Николай Аполлонович здесь два года; занимается в булакском музее. „Книгу Мертвых“ и записи Манефона толкуют превратно; для пытливого ока здесь широкий простор; Николай Аполлонович провалился в Египте; и в двадцатом столетии он провидит – Египет, вся культура, – как эта трухлявая голова: все умерло; ничего не осталось».

Но собственный вывод – «все умерло, ничего не осталось» – не был применим к самому Белому. Им двигала жажда жизни, жажда познаний, жажда новых впечатлений. По первоначальным планам молодожены намеревались двинуться дальше вглубь Африки – в Судан (если по суше) или в Гвинею (если по морю) и даже в местность между Того и Либерией, где немецкий этнограф и археолог Лео Фробениус открыл остатки древней цивилизации йоруба, которую многие поспешили связать с Атлантидой. Однако материальные трудности заставили Белого и его спутницу отказаться от широкомасштабных планов, и в начале апреля они отбыли из Египта в Палестину, намереваясь встретить в Иерусалиме Пасху.

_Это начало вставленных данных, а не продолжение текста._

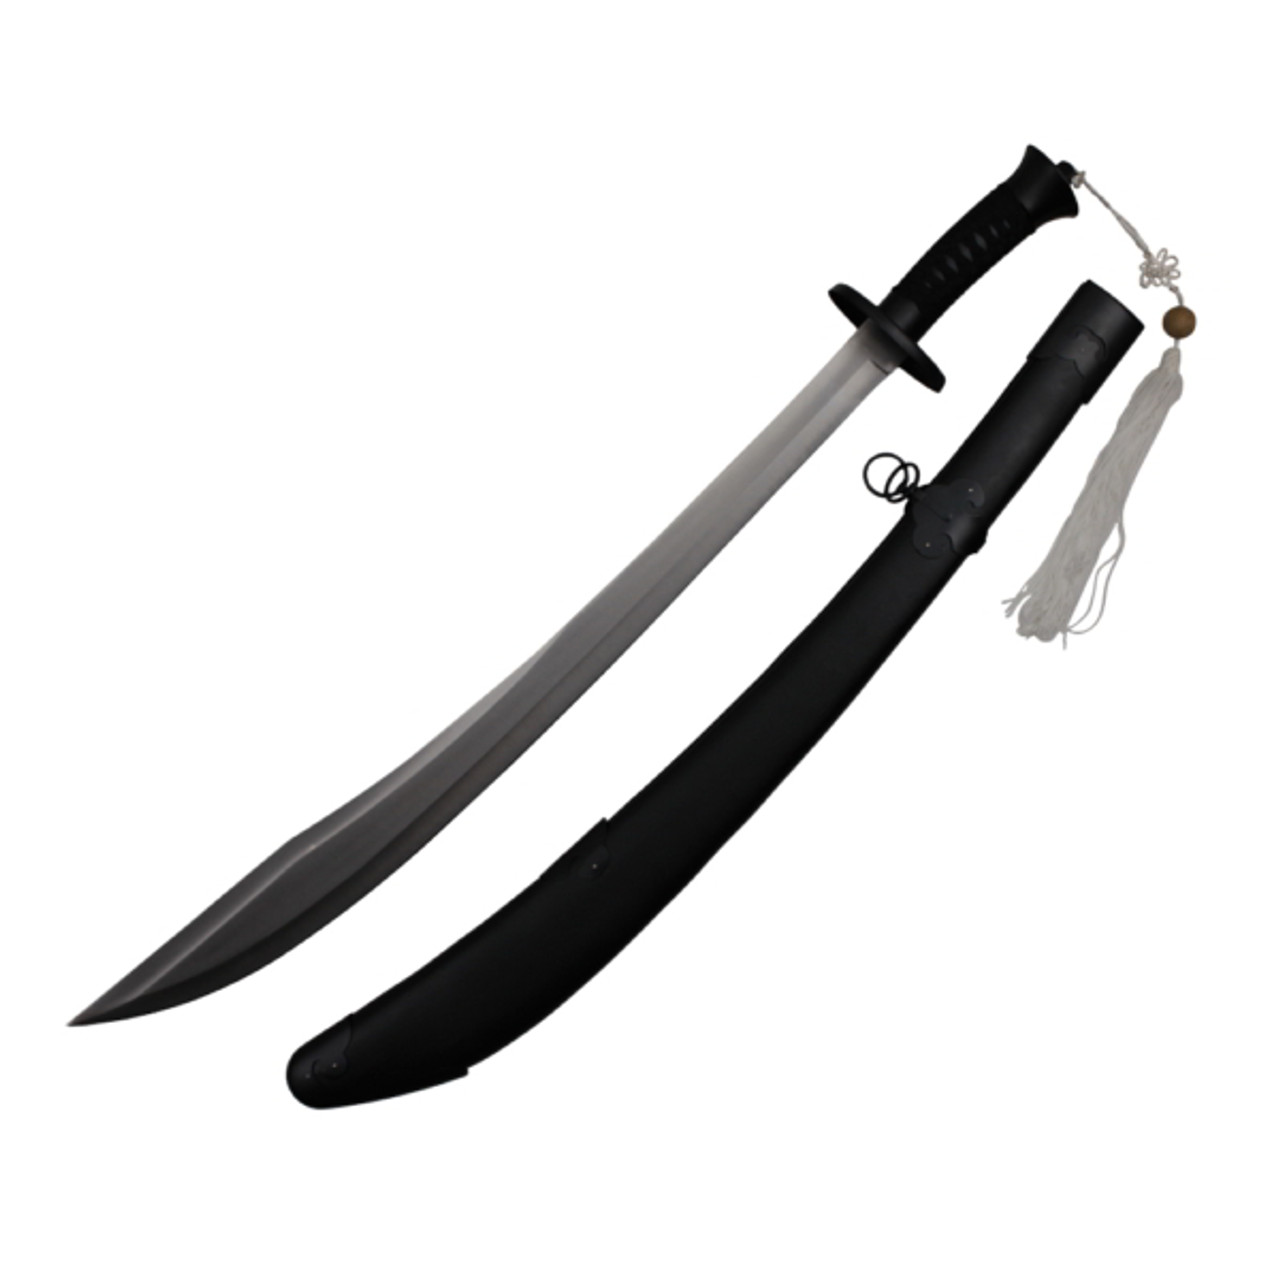 Chinese Broad Sword With Carbon Steel Blade and Tassels - Black

Щемящая тоска по Родине нигде и ни на минуту не оставляла А. Белого. Из письма Блоку из Каира от 21 марта (3 апреля) 1911 года: «<…> Пусть мы разные, но то „психология“, но Русь, будущее, ответственность – не „психология“ вовсе, и как же не радоваться; мы – русские, а Русь – на гребне волны мировых событий. Русь чутко слушает и ее чутко слушают. Я, Ты, мы не покинуты в сокровенном; за нами следят благие силы, не покинут нас, поскольку мы – русские. Тише, скрытнее, медленнее, важнее – вот мое желание. А там, в великом деле собирания Руси, многие встретятся: инок, солдат, чиновник, революционер, скажут, сняв шапки: „За Русь, за Сичь, за козачество, за всех христиан, какие ни есть на свете“… И от поля Куликова по всем полям русским прокатится: „За Русь, за Сичь, за козачество, за всех христиан, какие ни есть на свете“… (Пересказ текста из любимой повести Гоголя „Тарас Бульба“. – В. Д.). Аминь».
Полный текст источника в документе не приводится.